I research and researched and came to the conclusion that i need some sort of sound barrier to stop the noise from coming into the cabin. The best mat deadener that i have used is RAAMmat BXT but the main focus is to stop vibrations, then i also used Ensolite which is a closed cell foam to absorb sound waves, so what next?

I was in search for a barrier of sorts which lead me to something containing a mass loaded layer with acoustical foam. The first choice was a lead layer with acoustical foam, similar to what Cascade offers but the price was too expensive for me. So two others were options for me Second Skin LuxuryLiner and Vertex Barrier Pad.
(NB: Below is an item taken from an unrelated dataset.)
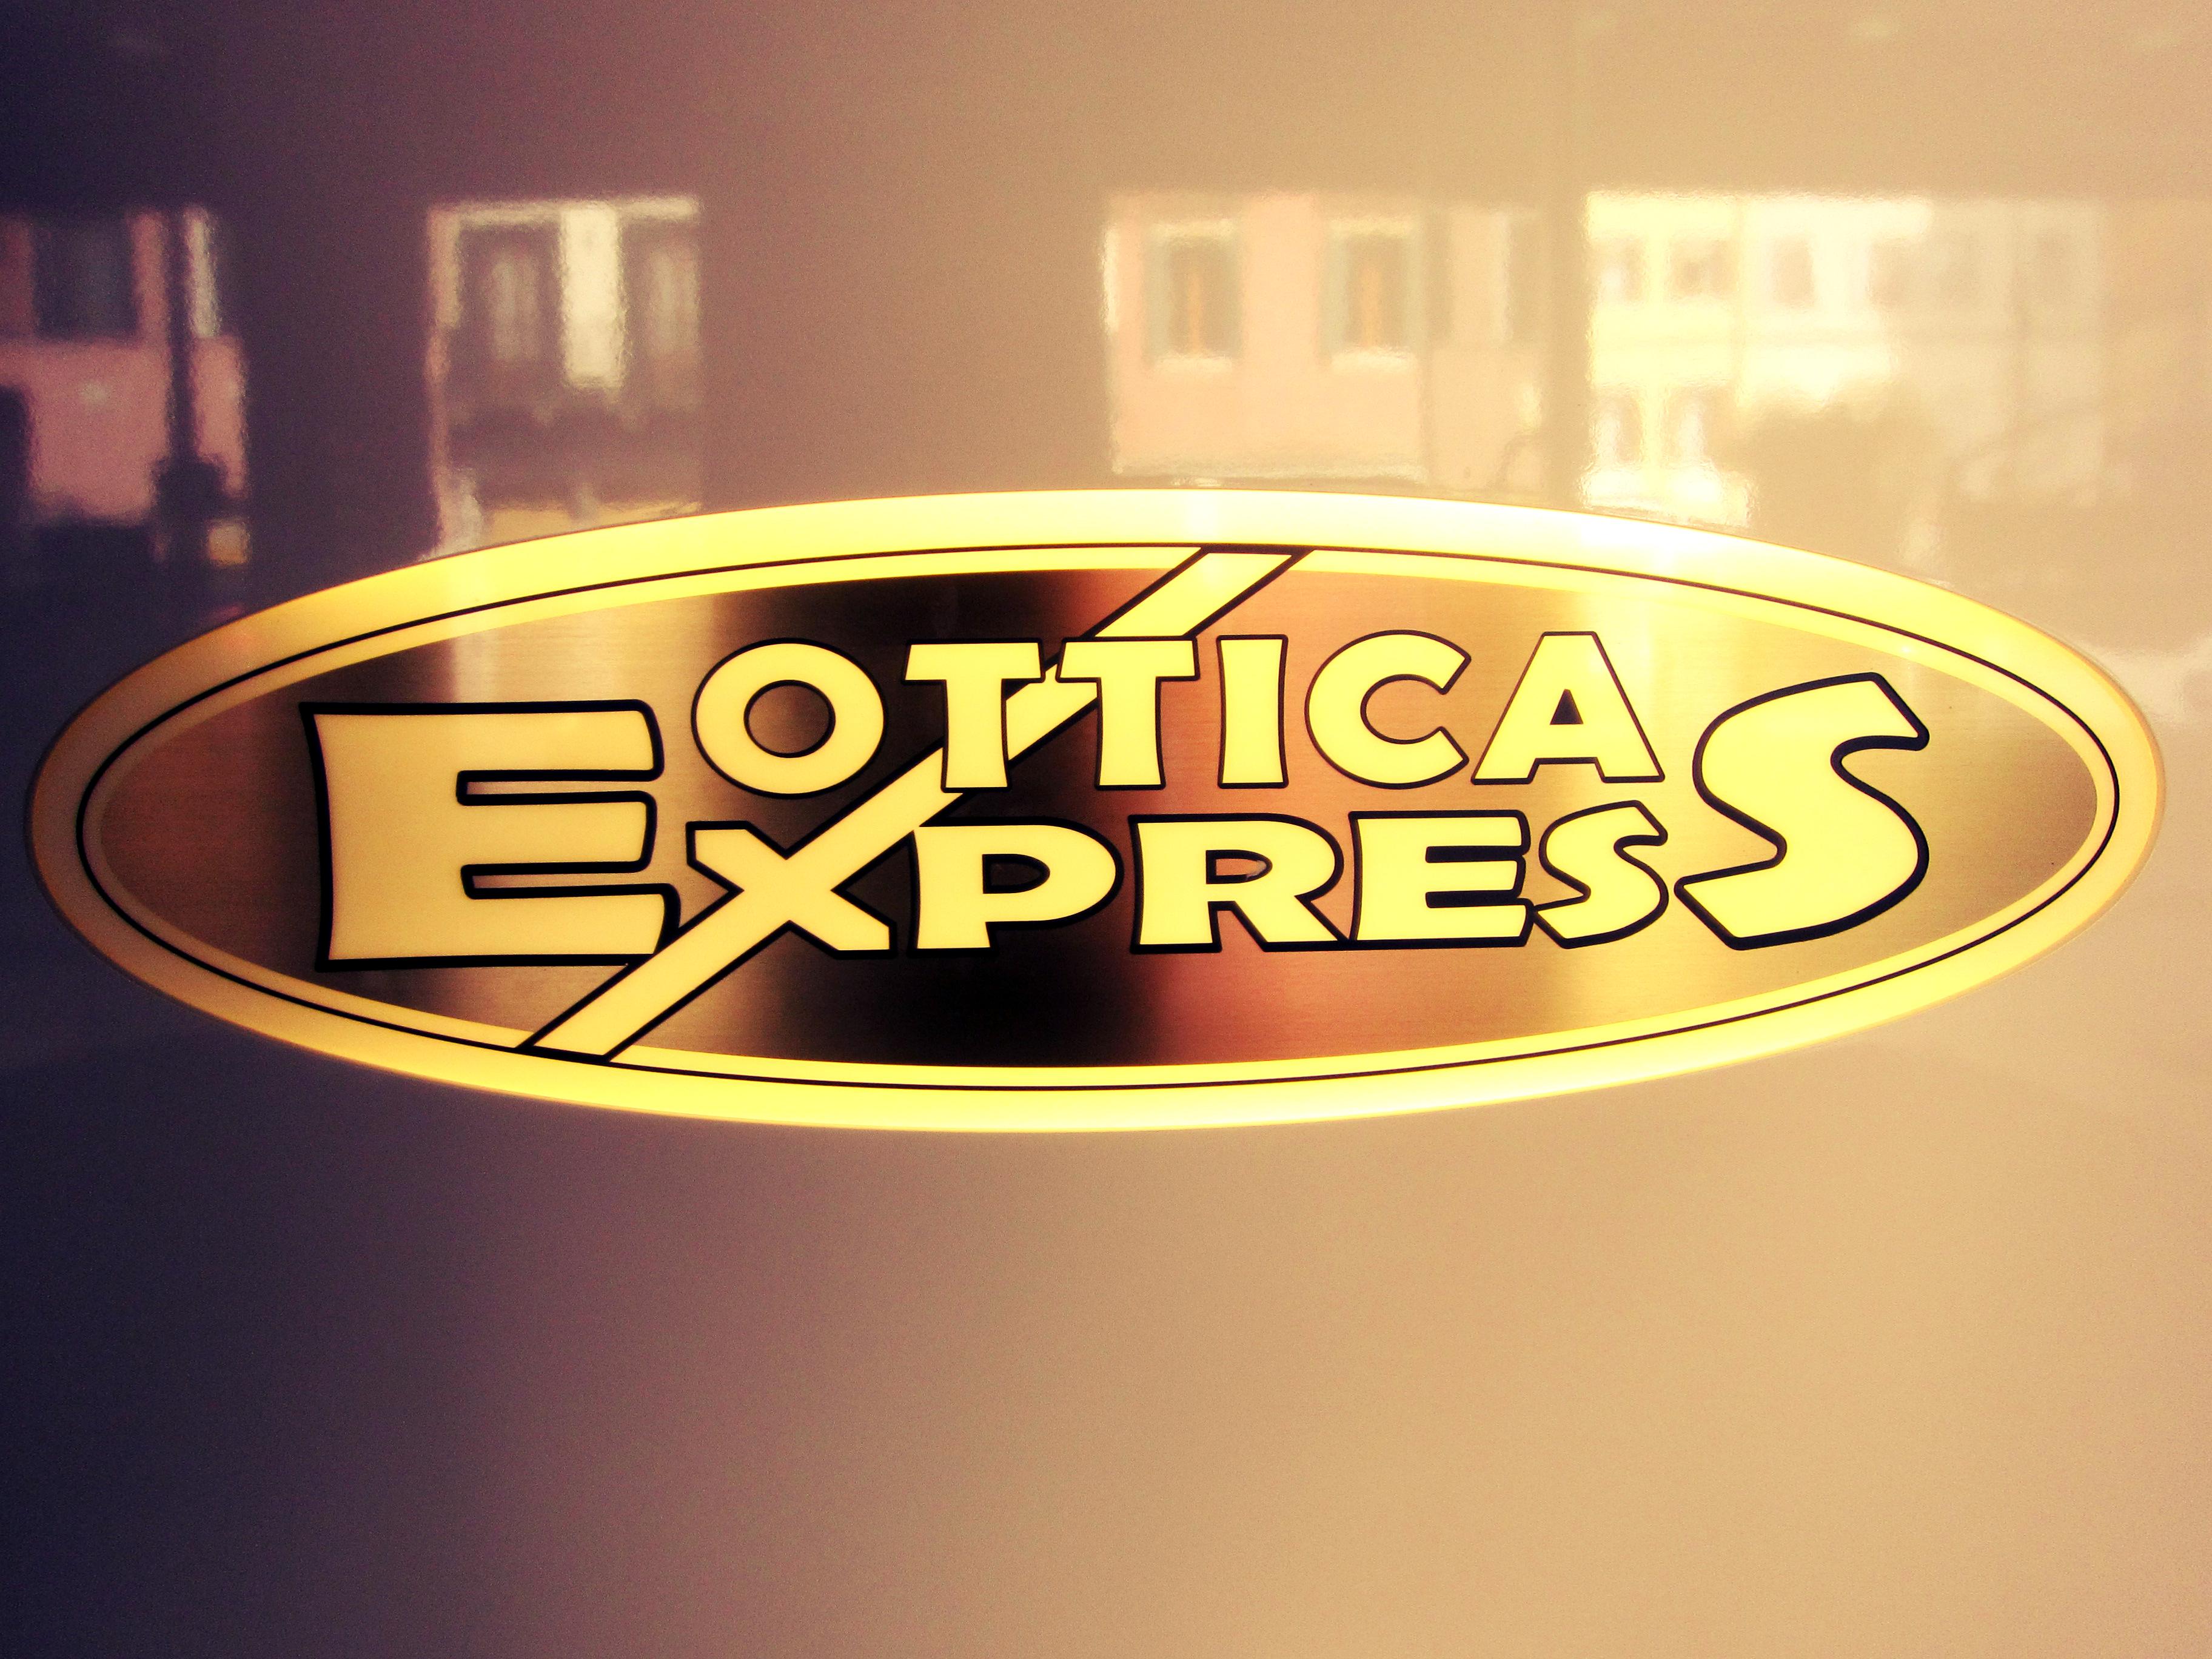 ottica-express-logo-chioggia-corso-del-popolo-ottica express chioggia

Anthony from Second Skin was gracious enough to send me a sample of LuxuryLiner and i got some Vertex Barrier Pad (VBP) from John (aka FoxPro5/B-Squad) as well. I got both products and compared them to construction, material used, and durability. I decided to go with the VBP due to superiority to material and construction IMO. The foam was more dense and thicker and the mass loaded vinyl layer just seemed more durable.
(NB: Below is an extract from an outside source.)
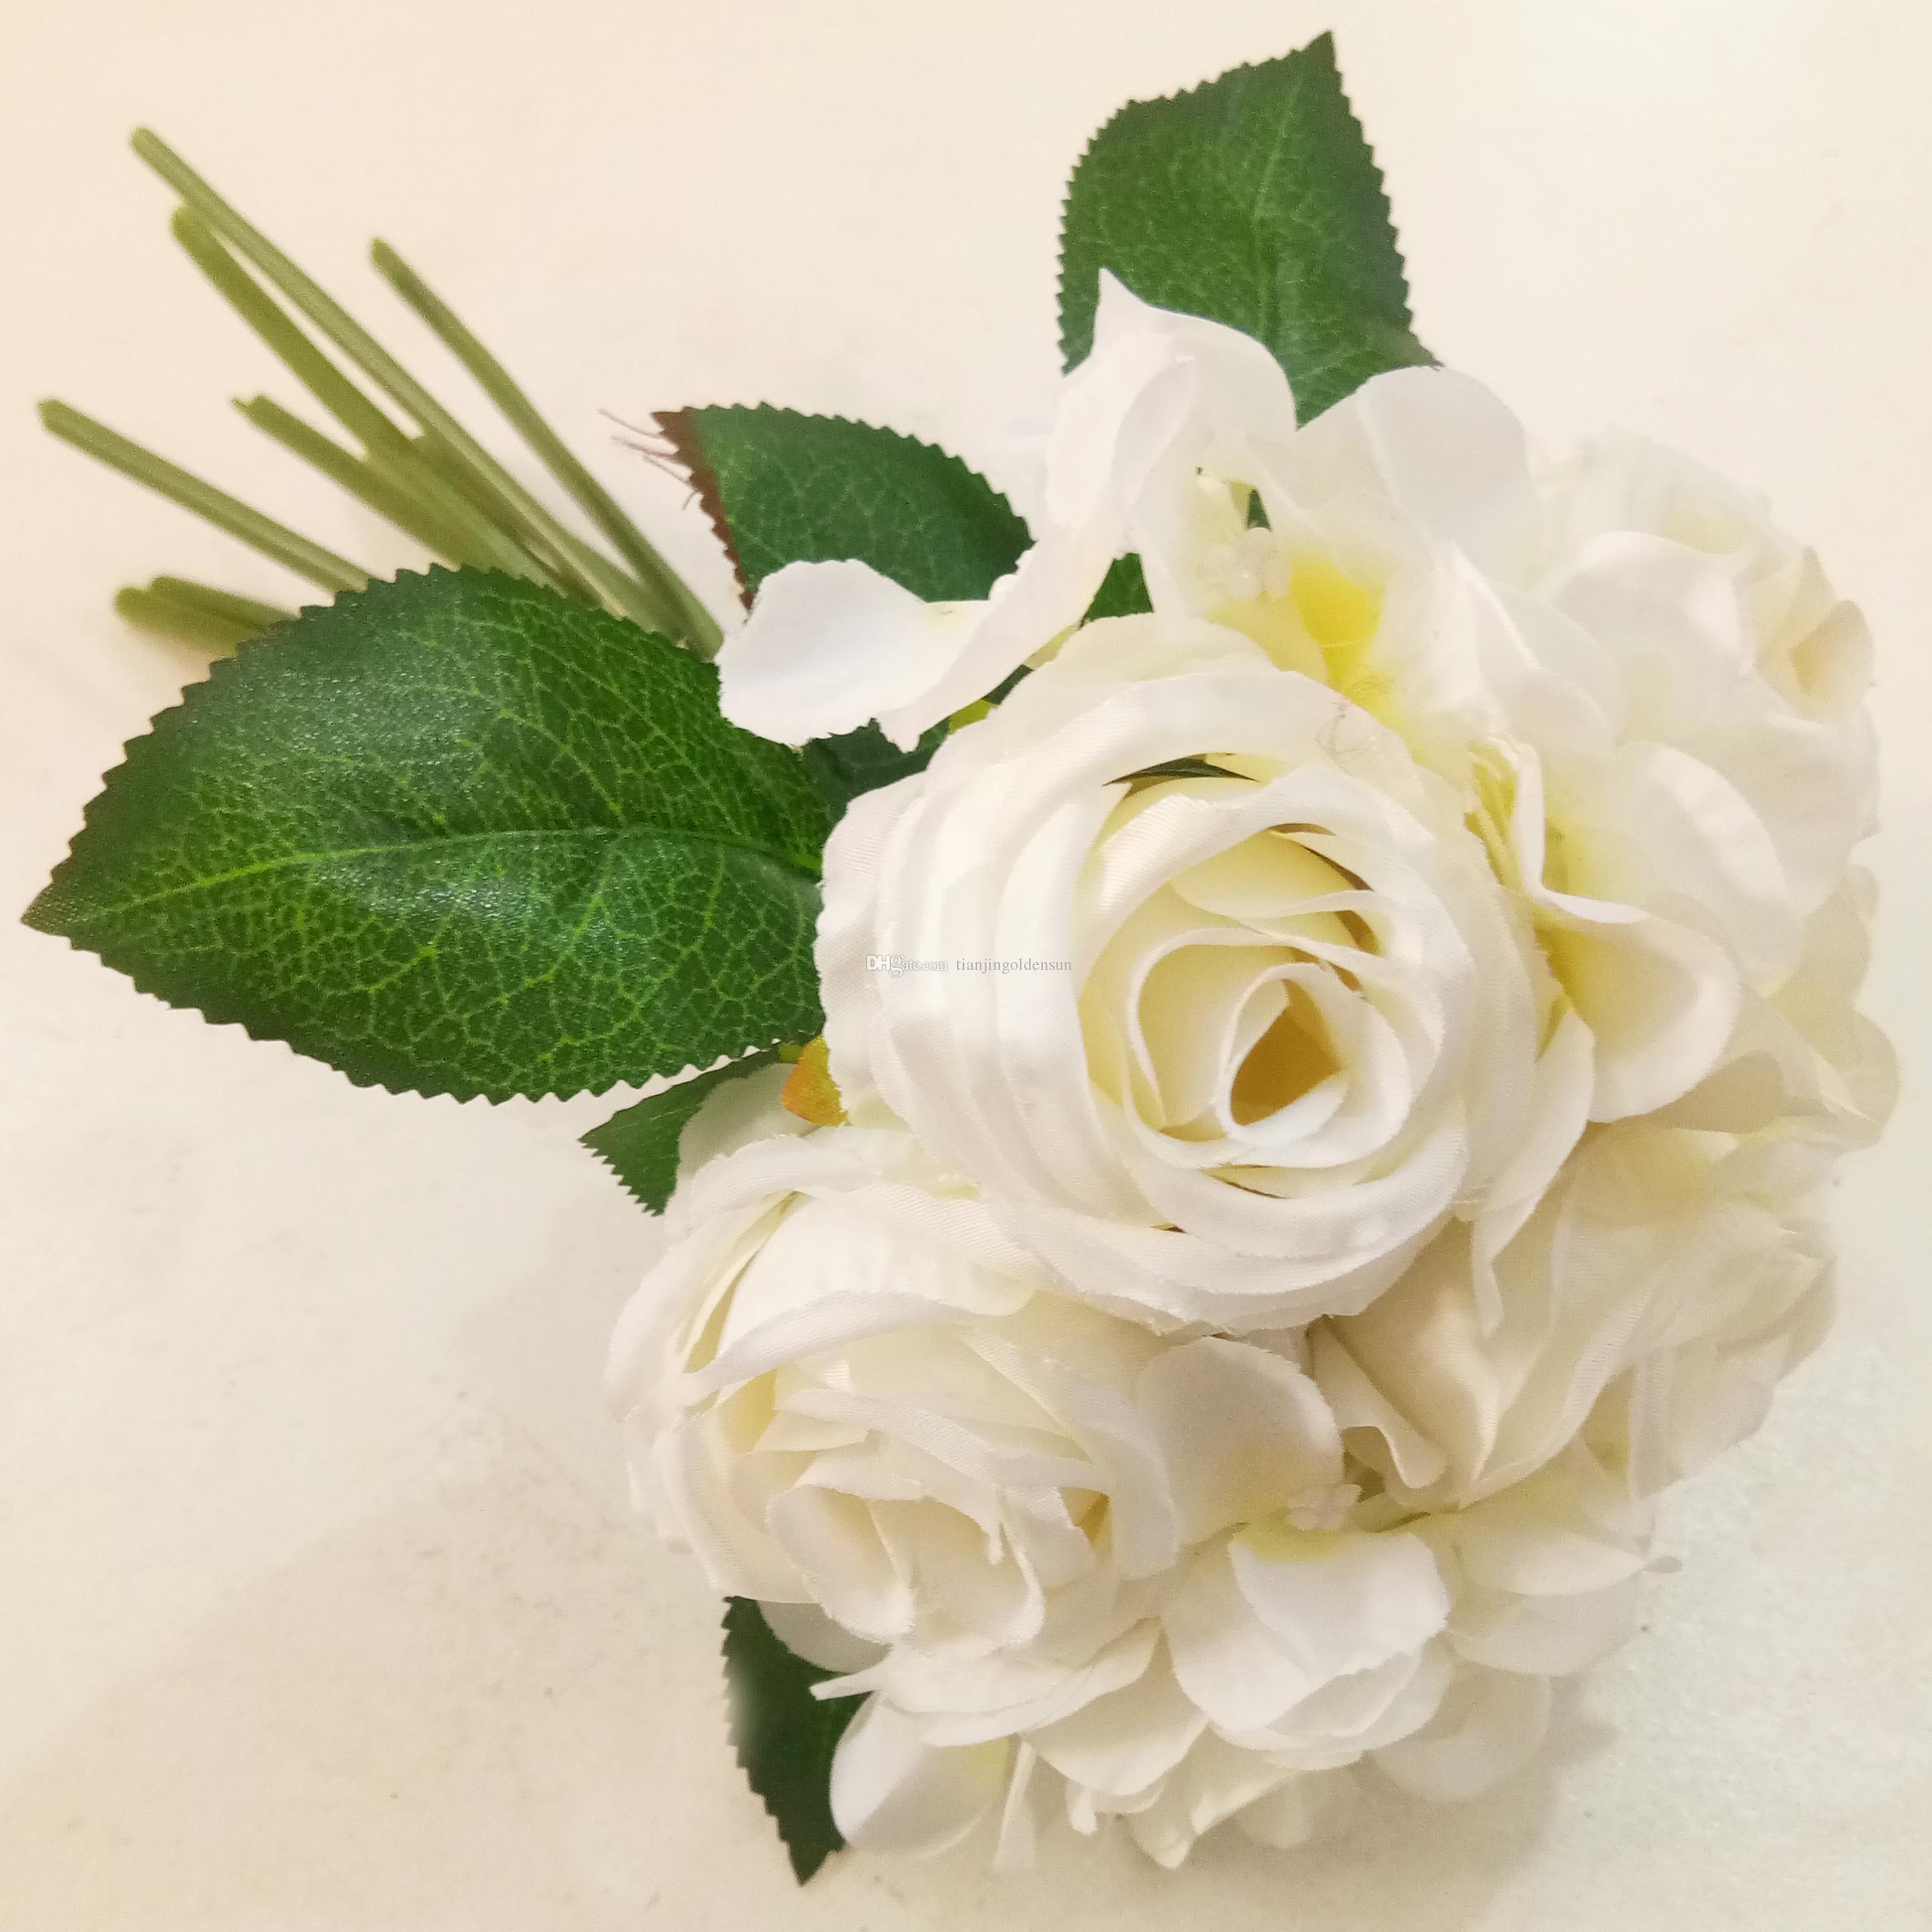 GHY-FL-77 arranjo de casamento de alta qualidade agradável flores artificiais 18 cabeças flor rosa broto para exibição festa ou casamento Decoratio1

I installed the VBP foam side down on the floor on top of already laid down RAAMmat BXT and put the OEM carpet back on top. It can be compressed so it easily put everything back without any problems or lumps. I also decided to put the VBP on the doors as well using adhesive spray and metal screws with larger washers to the sheet metal.

I took a drive an noticed how much the VBP helped, the road noise was greatly decreased and the music seemed louder. I also decided to park the car and see if i could hear the music outside the vehicle. It was a night and day difference, not nearly the amount of music was coming out as before  I couldnt say anything negative about the product. It performed as advertised and wouldnt hesitate to make it a staple in my future installs. I dont think its effectiveness can be compared to anything else out there when you take into account price/performance or not 

Here is a sample picture of a comparison between Second Skin LuxuryLiner and Vertex Barrier Pad (sorry for the blurry pics :blush:

Vertex on top, Second Skin on bottom









Vertex is vertical, Second Skin is horizontal


----------



## hc_TK (Jan 18, 2006)

where did you buy this?


----------



## azngotskills (Feb 24, 2006)

hc_TK said:


> where did you buy this?


PM the DIYMA member FoxPro5 aka B-Squad, owner of Vertex


----------



## el_chupo_ (May 27, 2007)

hc_TK said:


> where did you buy this?


4th paragraph. Ant is owner of second skin, B-Squad sells the vertex, he had a clearance on it before christmas.


----------



## khail19 (Oct 27, 2006)

hc_TK said:


> where did you buy this?


From...



azngotskills said:


> Anthony from Second Skin was gracious enough to send me a sample of LuxuryLiner and *i got some Vertex Barrier Pad (VBP) from John (aka FoxPro5/B-Squad) as well.* I got both products and compared them to construction, material used, and durability. I decided to go with the VBP due to superiority to material and construction IMO. The foam was more dense and thicker and the mass loaded vinyl layer just seemed more durable.


----------



## Suneet (Jun 19, 2007)

Sounds exactly like what I'm looking for! Did you try it out in the doors at all? I'd like to see how much of a difference that makes. I have a ton of road noise and out here in Seattle its quite a bit worse because of how poor the roads are.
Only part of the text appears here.